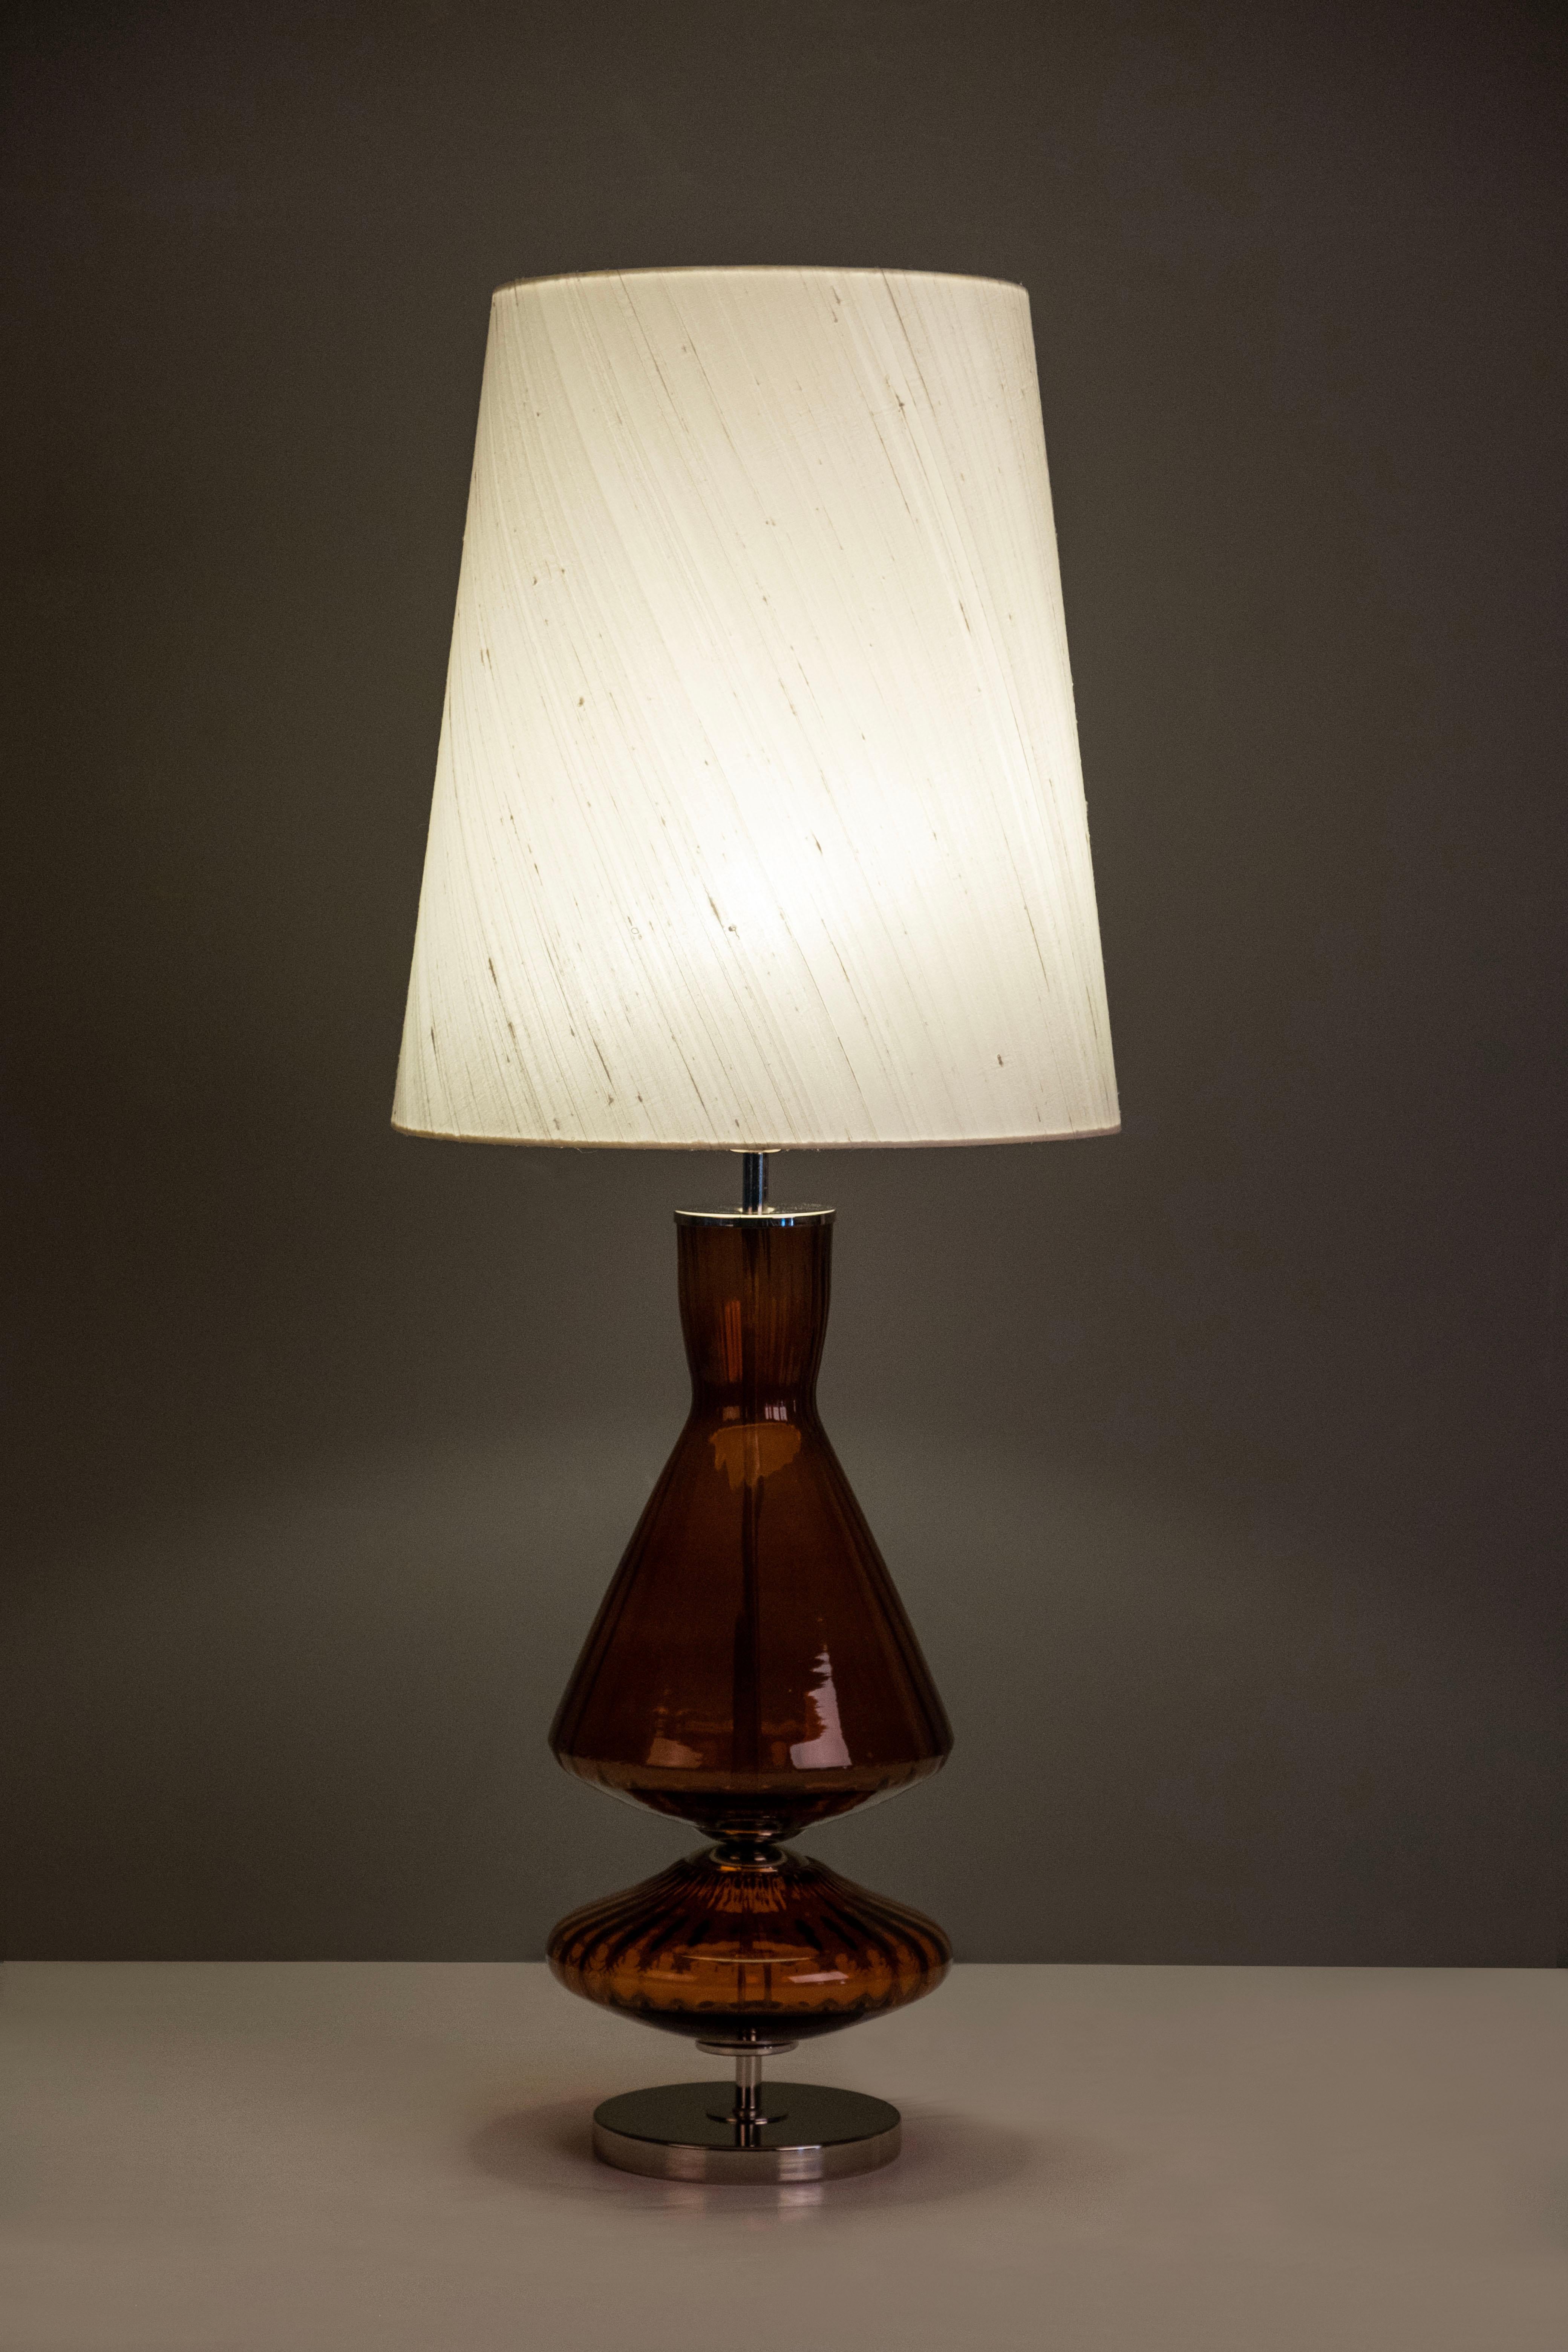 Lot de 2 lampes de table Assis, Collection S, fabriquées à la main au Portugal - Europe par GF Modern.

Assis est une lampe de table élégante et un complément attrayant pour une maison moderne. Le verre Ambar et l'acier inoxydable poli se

##########

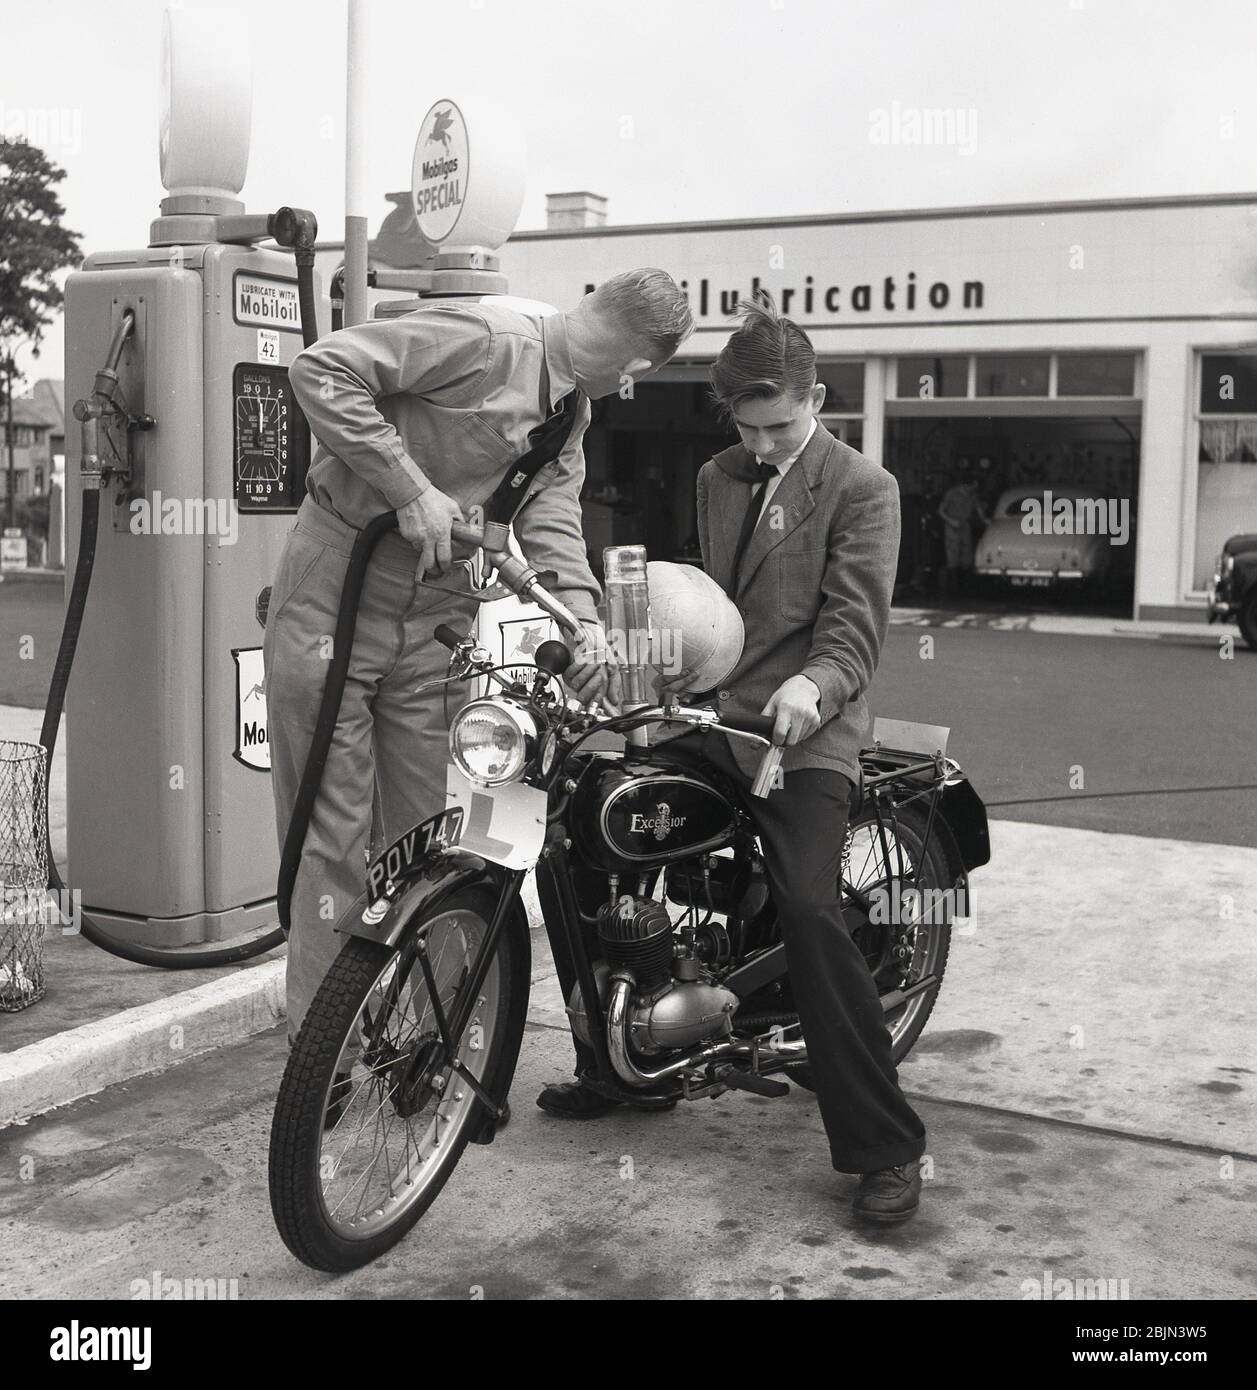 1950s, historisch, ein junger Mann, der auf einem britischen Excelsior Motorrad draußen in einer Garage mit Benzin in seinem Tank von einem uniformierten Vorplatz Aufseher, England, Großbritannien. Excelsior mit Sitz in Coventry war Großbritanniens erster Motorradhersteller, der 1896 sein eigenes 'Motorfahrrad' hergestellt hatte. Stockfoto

##########

» **GOAL OF THE EXERCISE**
Everything above from the line containing "Lot de 2 lampes" through the line containing "Assis est une" must be repeated exactly, and the pictures must be left out.

» **WORKED SOLUTION**
 Lot de 2 lampes de table Assis, Collection S, fabriquées à la main au Portugal - Europe par GF Modern.

Assis est une lampe de table élégante et un complément attrayant pour une maison moderne. Le verre Ambar et l'acier inoxydable poli se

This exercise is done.